▸ Exercise goal
A letter-for-letter copy of the listing is required, with no pictures in it.

▸ Dataset excerpt
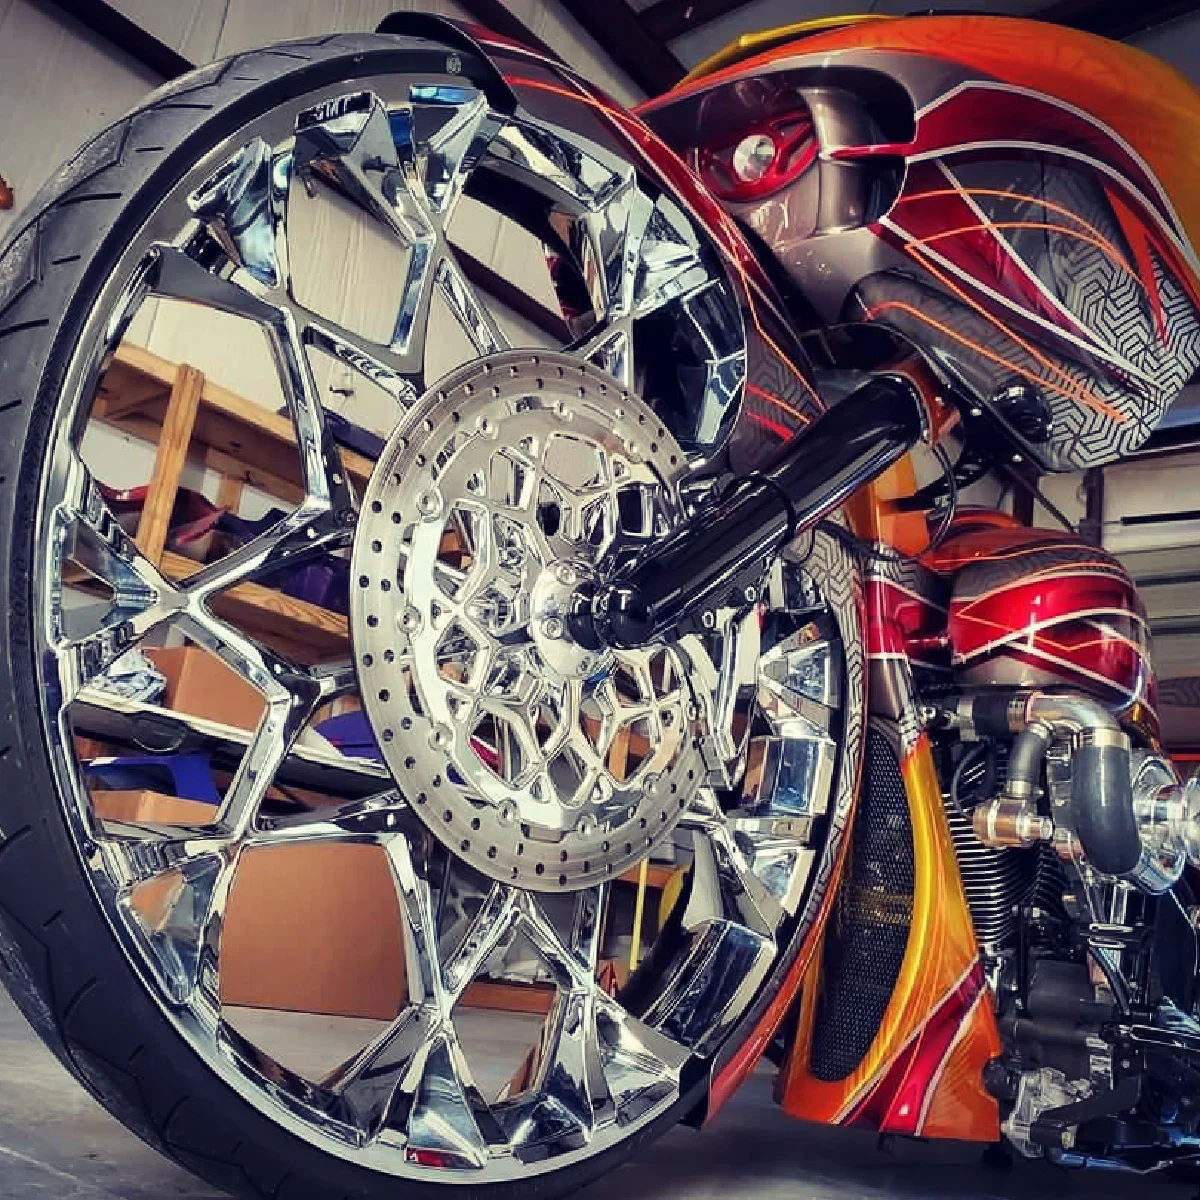 SMT Custom Harley Torque 3D Chrome Bagger Road Glide Wheel with 18" rotor
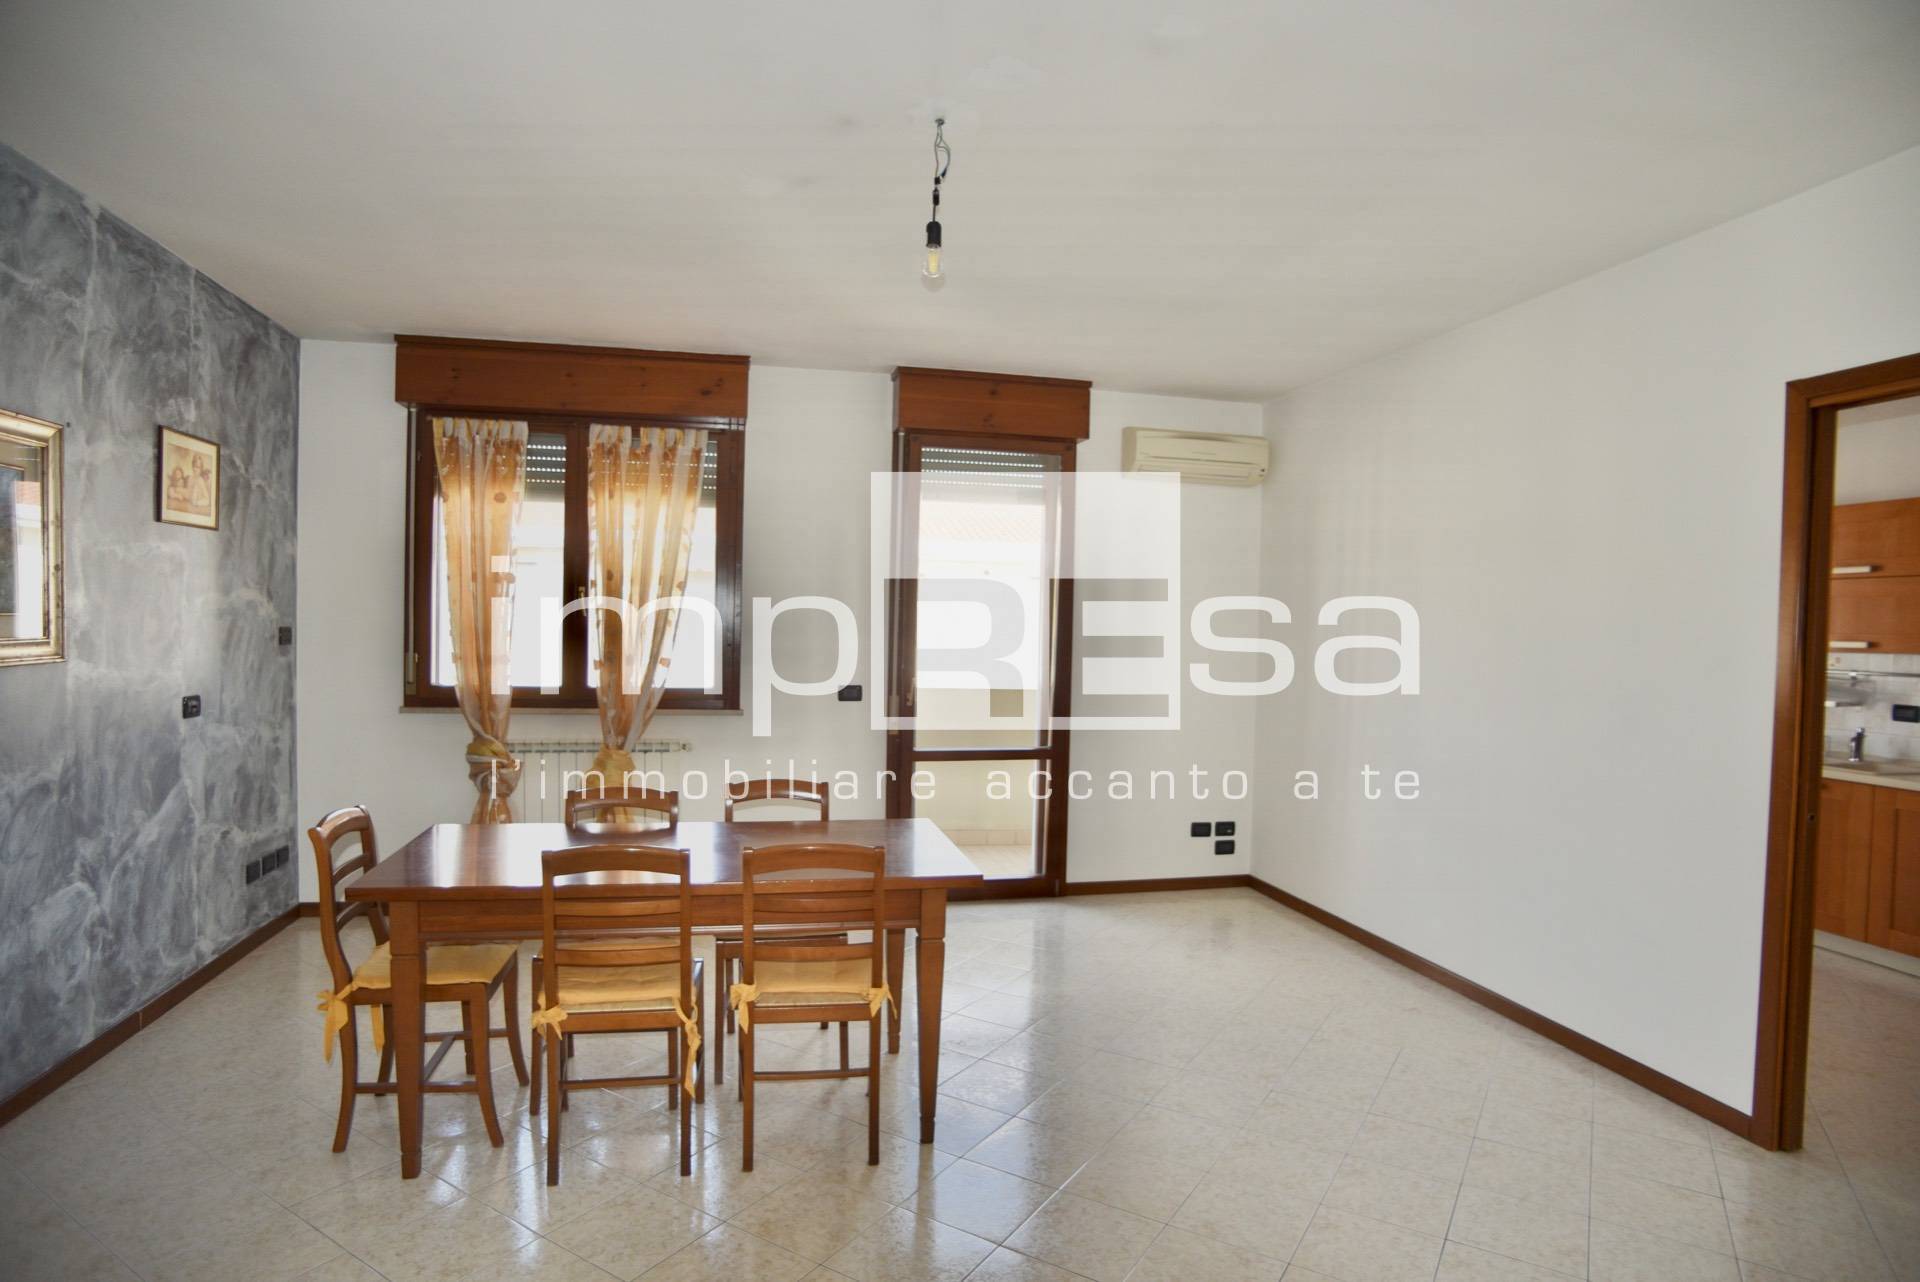 Appartamento in vendita a Ghirada, Treviso (TV)
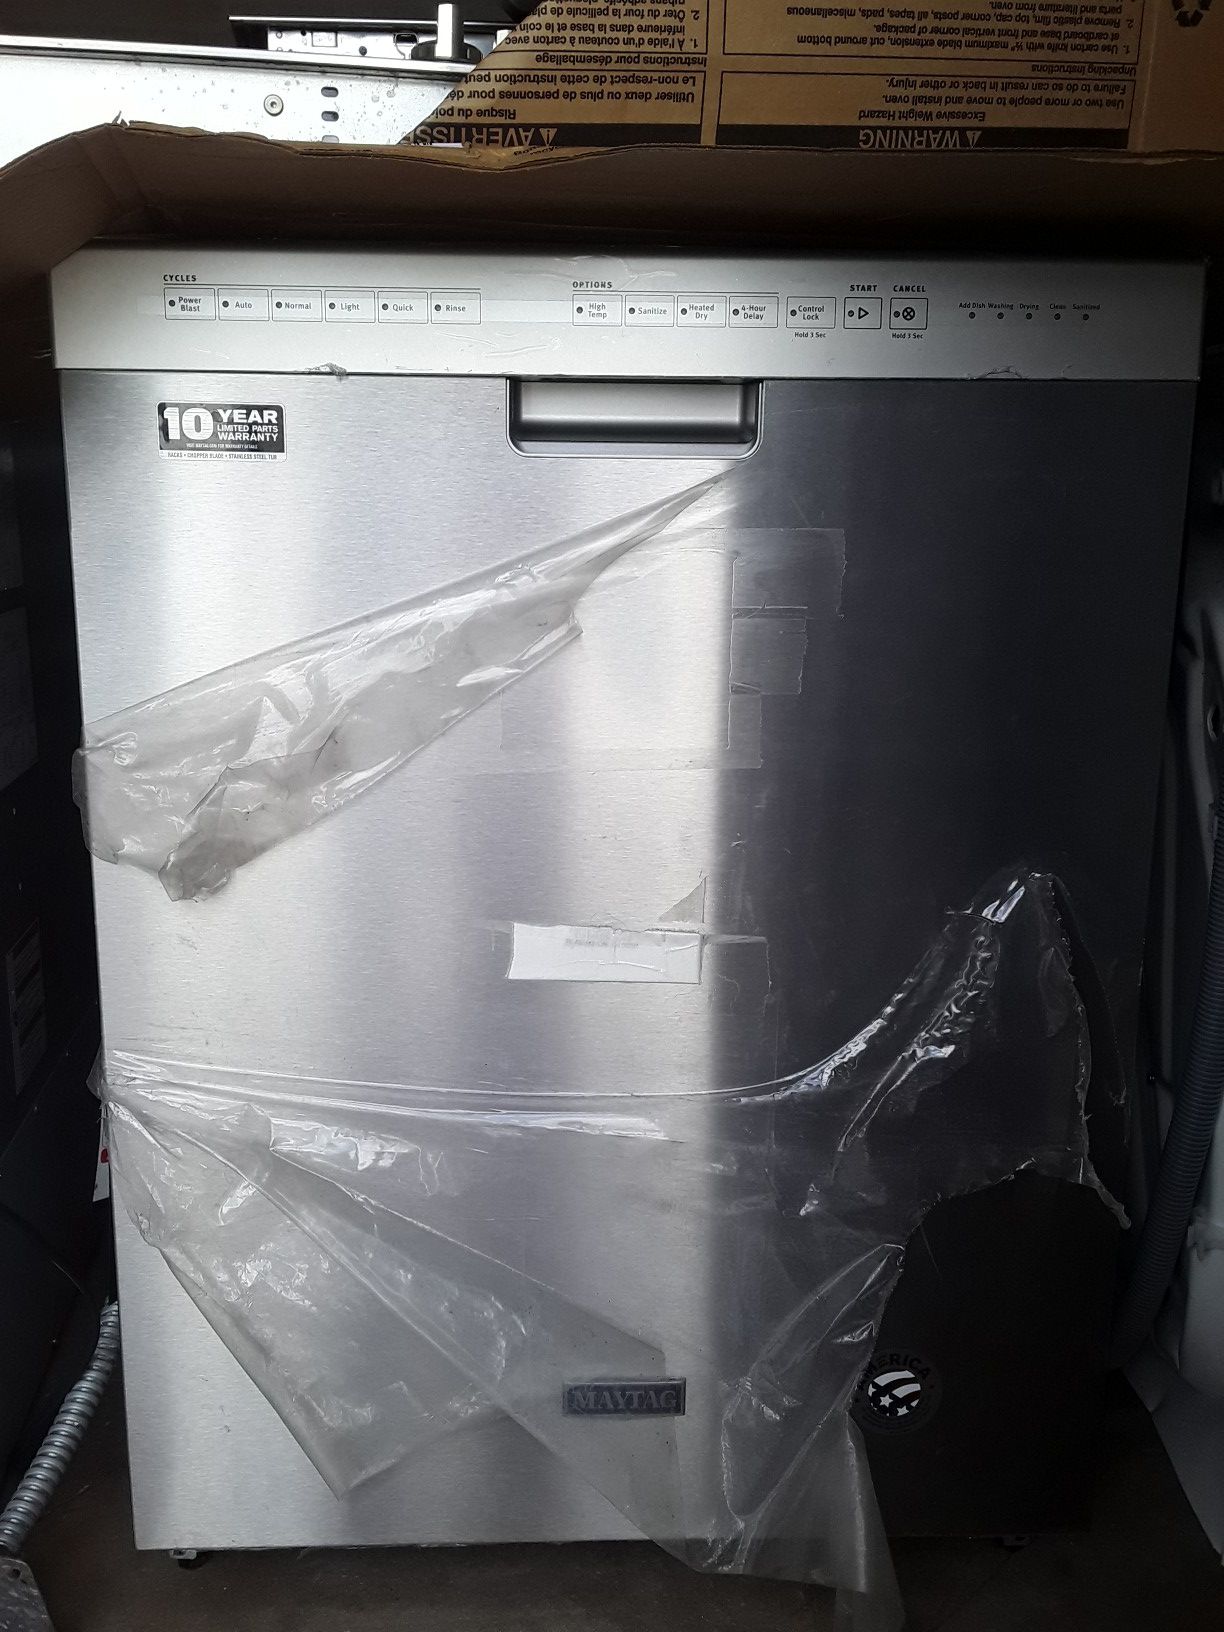 Dishwasher machine maytag brand new stainless steel

▸ Expected answer
 SMT Custom Harley Torque 3D Chrome Bagger Road Glide Wheel with 18" rotor
 Appartamento in vendita a Ghirada, Treviso (TV)
 Dishwasher machine maytag brand new stainless steel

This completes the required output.